そのうち、ひときわ香ばしい匂いのする煙を漂わせていた店の前で足を止める。
「お姉さん、照り串焼きを一本……いや、二……やっぱり三本ください」
焼けた魚にタレを塗っていた女性に向かって、数枚の硬貨を差し出す。この世界に来る時に餞別としてもらったものだ。
女性が一瞬、きょとんとした顔で立ち尽くした。
その理由について少女は少し考えてみる。

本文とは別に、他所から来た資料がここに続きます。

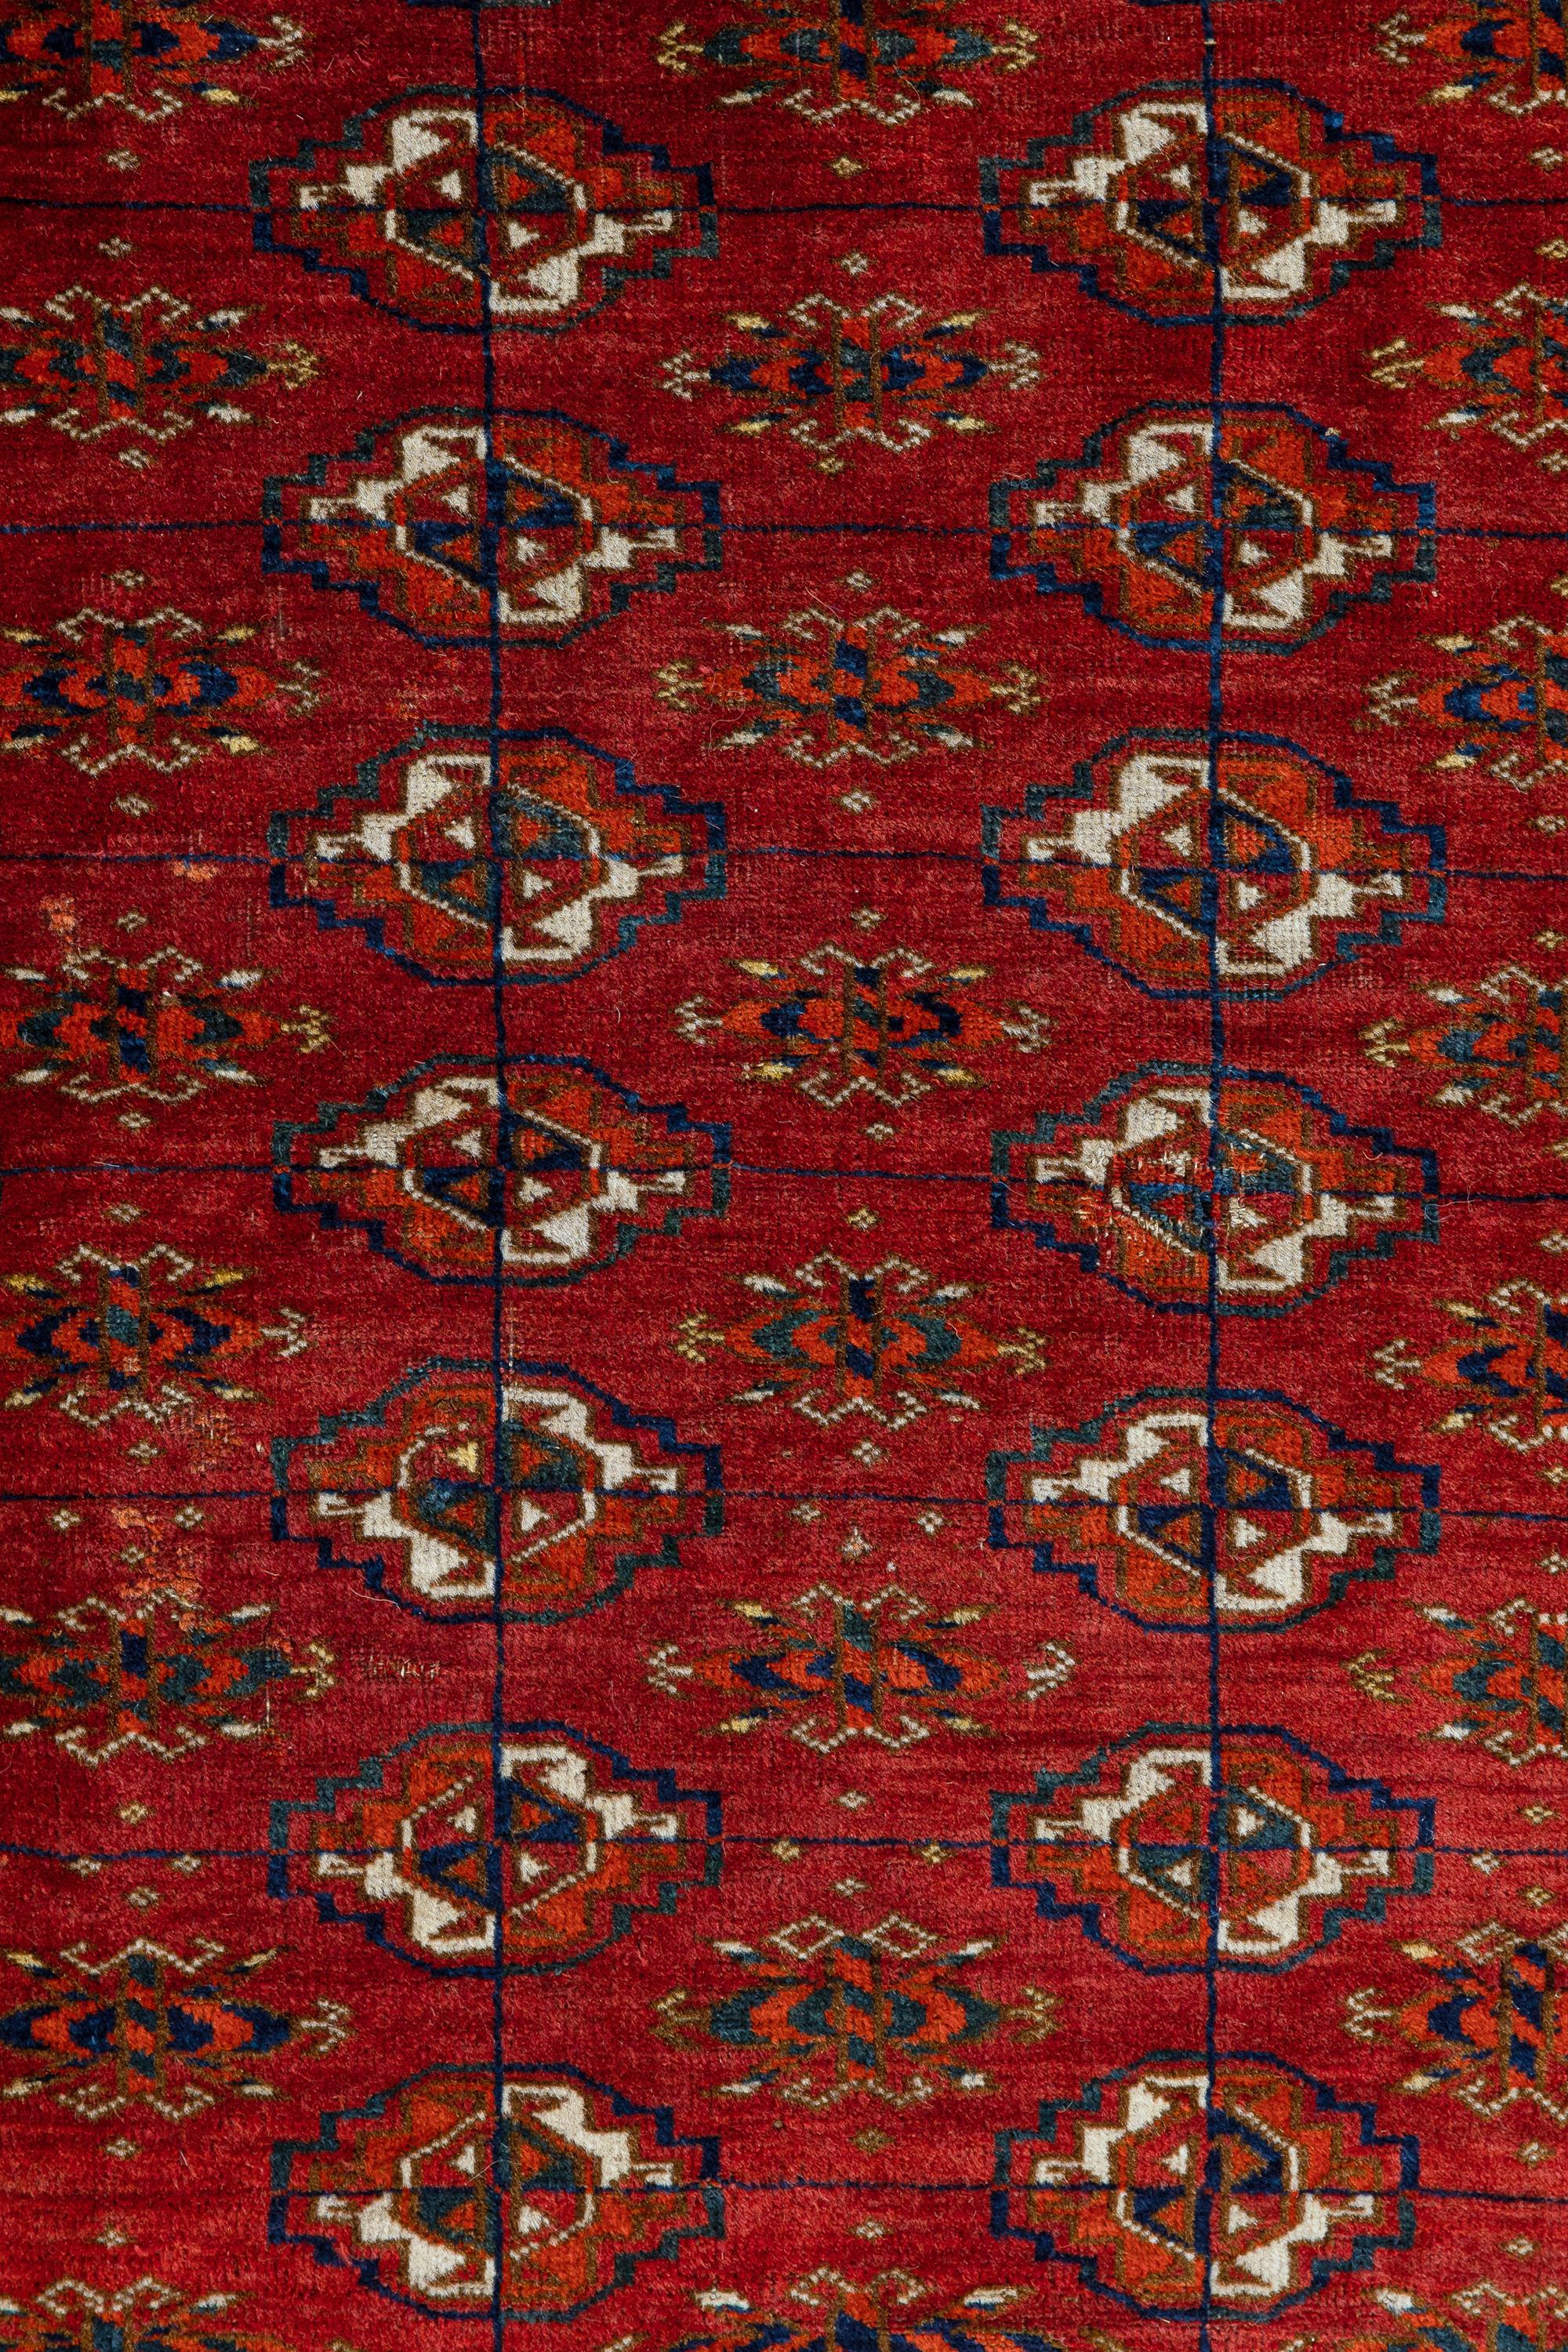 Tekke - Asie centrale

Ancienne Tekke fabriquée au Turkménistan au milieu du 19e siècle. Méticuleusement tissé à la main avec de la laine douce et des teintures naturelles, ce tapis faisait partie de la célèbre collection de tapis turkmènes de Leigh

思い当たるものが一つあった。
自分の服装だ。
今の少女の姿は、病院着にサンダルと、間違いなくこの世界に似つかわしくない格好だった。異世界に住む人間にとっては奇怪に感じたのだろう。
女性はしばし少女を見つめた後、思い出したように三本の串焼きを袋に入れて少女に手渡した。
少女はそれを受け取りながら、何気なく問いかけた。
「このタレは何を使っているんですか? しょうゆみたいな色と匂いがしますけど……」
「そうよ。しょうゆに砂糖とバッカスの酒を加えて作ったものよ」
「え? しょうゆがあるんですか?」
女性は少女の質問に、再びきょとんとした。なぜそんな当たり前のことを聞くのだろうというような顔だ。
「二十年前に勇者様が広めたばかり時には、珍しい物だったけれど、最近は、結構どこでも手に入るものじゃない」
「へえ……あ、これ、早速いたただきます」
少女は大口を開けて、買ったばかりの魚を頬張った。
「うん。美味しいです」
「良かったわ……見た感じ、ここに来るのは初めてよね?」
「ええ」
「今は森に行っちゃダメよ。近頃、スカルスパイダーが棲みついて、討伐に向かった冒険者達が次々に犠牲になっていて……」
「その話、詳しく教えてもらってもいいですか?」
三本の串焼きをあっという間に食べ終わってからそう尋ねる少女に対し、またも女性は呆気にとられた。
「……まさか、あなた、行くつもり? 危険よ! この街でも特に名のあった冒険者だって返り討ちにされているんだから!」
「でも、わたしの役目は、そういうのを解決することなので」
「は?」
「とりあえず、近くの森に行けばいいんですね? ……あ、魚、ごちそうさまでした。美味しかったです」
礼を言いながら、端末を操作する少女。
画面に周辺の地図が表示される。それを頼りに、少女は森へ向かっていった。
無数に存在する異世界。神々がそれらを管理しているものの、人手不足であった。そこで神々は素質がある者に勇者の力を与え、危機が迫った世界に送り込んで対処に当たらせていた。少女は新しく選ばれた勇者であり、この世界、オニロガルドを救うために派遣されたのだった。